Himmel v. Merchants Transfer & Storage Co.

The appellee, the Merchants Transfer and Storage Company, was in 1916 engaged in the business of hauling and delivering freight in Washington, D.C., and had from time to time hauled goods and merchandise for A. Lisner and delivered the same at his place of business at the corner of Eleventh and G. streets, N.W. The appellee also rendered similar services to the appellants, who, it is stated in their brief, were conducting in Baltimore City the business of manufacturing and installing store and office furniture and fixtures, and who also did a large business in Washington, D.C. It is further stated in the appellants' brief that in September, 1916, A. Lisner was completing a large addition to his store on G. street, and that the appellants contracted to install the fixtures and furniture therein, and that to that end the appellants purchased from manufacturers in New York a box or case of mirrors and had it shipped and consigned to A. Lisner. The record shows that on the 16th of September, 1916, the employees of the appellee received the box of mirrors at the freight station of the Pennsylvania Railroad Company in Washington and hauled it to the store of A. Lisner. In unloading the box of mirrors from the truck or wagon of the appellee, or in attempting to move it after it had been placed on the pavement, the box was allowed to fall and the mirrors were broken.

In January, 1917, the appellee brought suit against the appellants in the Superior Court of Baltimore City to recover on an account for services rendered in hauling goods, etc., amounting to $360.34. In addition to the general issue pleas, the appellants filed a plea of set-off in which they claim as a set-off against the claim of the appellee the value of the mirrors, to wit, $250.41, which they alleged were broken through the negligence of the appellee. *Page 40

The case was submitted to the Court without a jury on certain affidavits made by the employees of A. Lisner; the affidavit of the driver of the truck or wagon of the appellee; the affidavit of the general manager of the appellee, and an agreement of counsel to the effect that if the Court found that the transfer company was liable to the defendants for the damage done to the mirrors, a judgment should be entered in favor of the plaintiff for $109.93, and if the Court found that the plaintiff was not liable for the destruction of the mirrors a judgment should be entered for the plaintiff for $360.34. The finding and judgment of the Court being in favor of the plaintiff for $360.34 the defendants have appealed.

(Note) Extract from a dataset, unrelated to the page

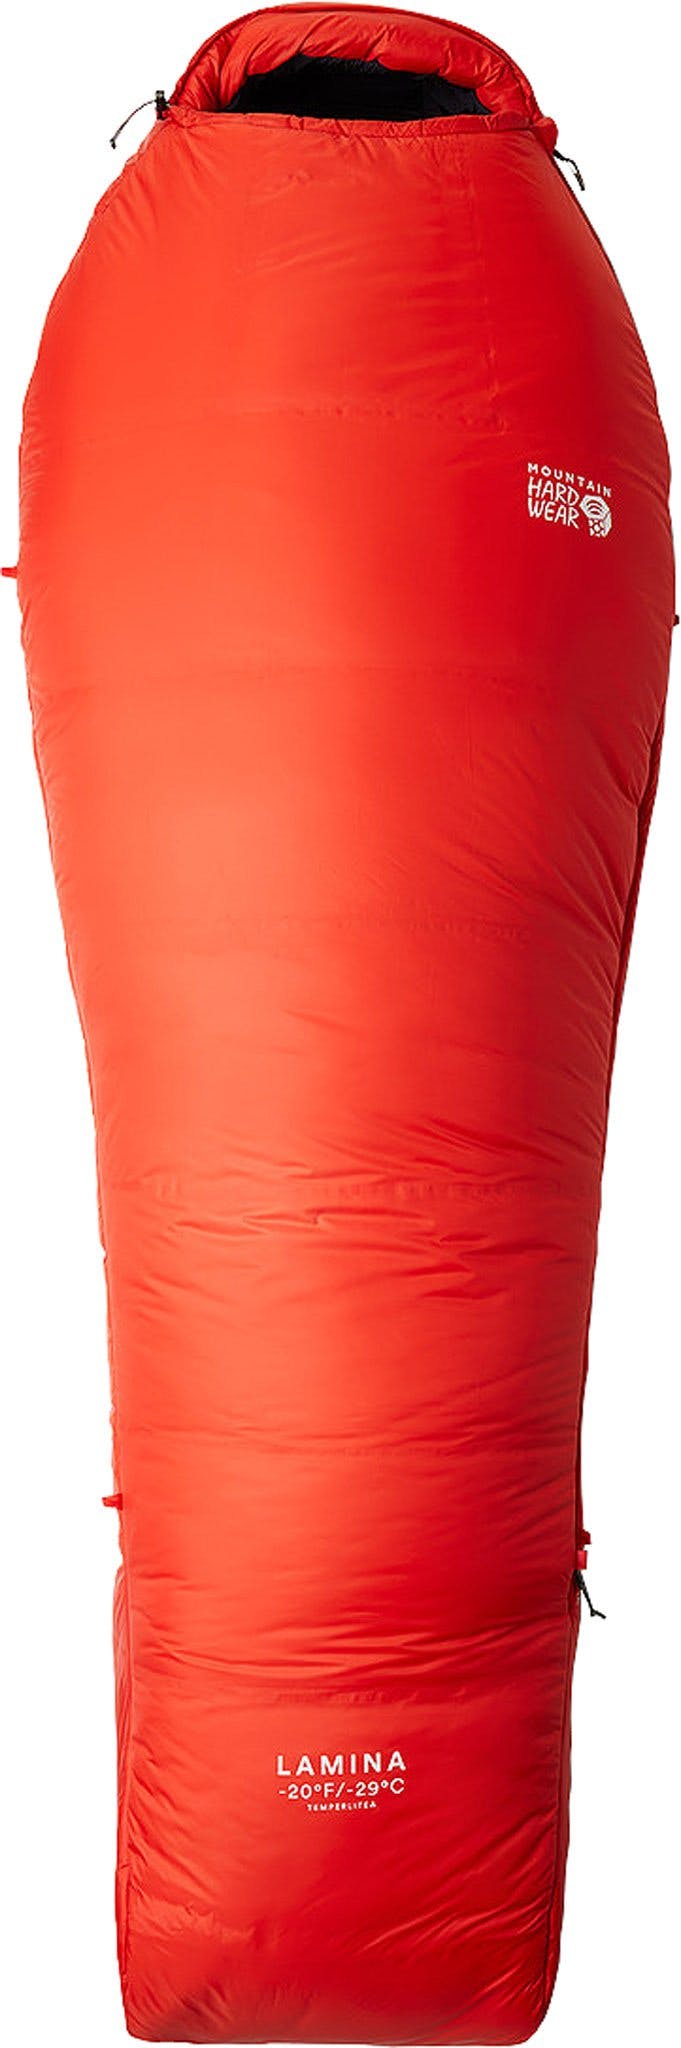 Product image for Lamina -20F/-29C Long Sleeping Bag

The only exception in the record is to the rejection by the Court below of the following prayer of the defendants: "The Court rules as a matter of law that there is no evidence legally sufficient to show that the employees of A. Lisner were authorized to act for, or that they were the duly authorized agents of the defendant, and therefore the verdict of the Court sitting as a jury must be for the plaintiff under the stipulation for the sum of $109.93."

The affidavits produced by the defendants tended to show that the destruction of the mirrors was due to the carelessness and negligence of the employees of the plaintiff, while the affidavits produced by the plaintiff tended to show that the loss was the result of the carelessness or negligence of the employees of A. Lisner.

The theory of the appellants as presented by their prayer, and their contention in this Court is that they can not be held responsible for "acts in which they in no way participated," except upon the ground that the employees of A. Lisner were their agents, and that there is no evidence in the case to establish such agency. This contention overlooks the effect of the fact that the mirrors belonged to the appellants and were by their directions shipped and consigned to A. Lisner. The fact that the mirrors were so shipped and consigned by direction of the appellants was evidence to show that A. Lisner *Page 41 was authorized by them to receive the goods, and the affidavits show that one of the employees of A. Lisner to whom the driver of the appellee presented the bill of lading and applied for instructions as to the delivery was the receiving clerk of A. Lisner. In the case of Swindell v. Gilbert, 100 Md. 399, the Court said: "The authority of an agent need not be proved by writing; it may be inferred from facts and circumstances and from the permission and acceptance of his services and subsequent adoption and ratification of his acts will suffice." It is said in 2 Corpus Juris., p. 440: "An agency may be implied where one person by his conduct holds out another as his agent, and thereby invests him with apparent or ostensible authority as agent," and in 4 R.C.L. sec. 292, it is said: "If a shipper delivers his property to a carrier without special instructions as to its ownership or its delivery on any condition, the consignee becomes immediately entitled to the possession of the property, and may demand and lawfully receive it forthwith from the carrier. Consequently the latter, in the absence of notice of a third person's rights, is justified in delivering it to the consignee who is prima facie entitled to receive the goods at any point on its line of transportation. However, it is not always necessary that a consignment be delivered to the party to whom it is addressed in person; a delivery to an agent, clerk or employee duly authorized by him to receive the same will be valid."

It follows from what has been said that there was no error in the rejection by the Court below of the defendant's prayer, and the judgment appealed from must therefore be affirmed.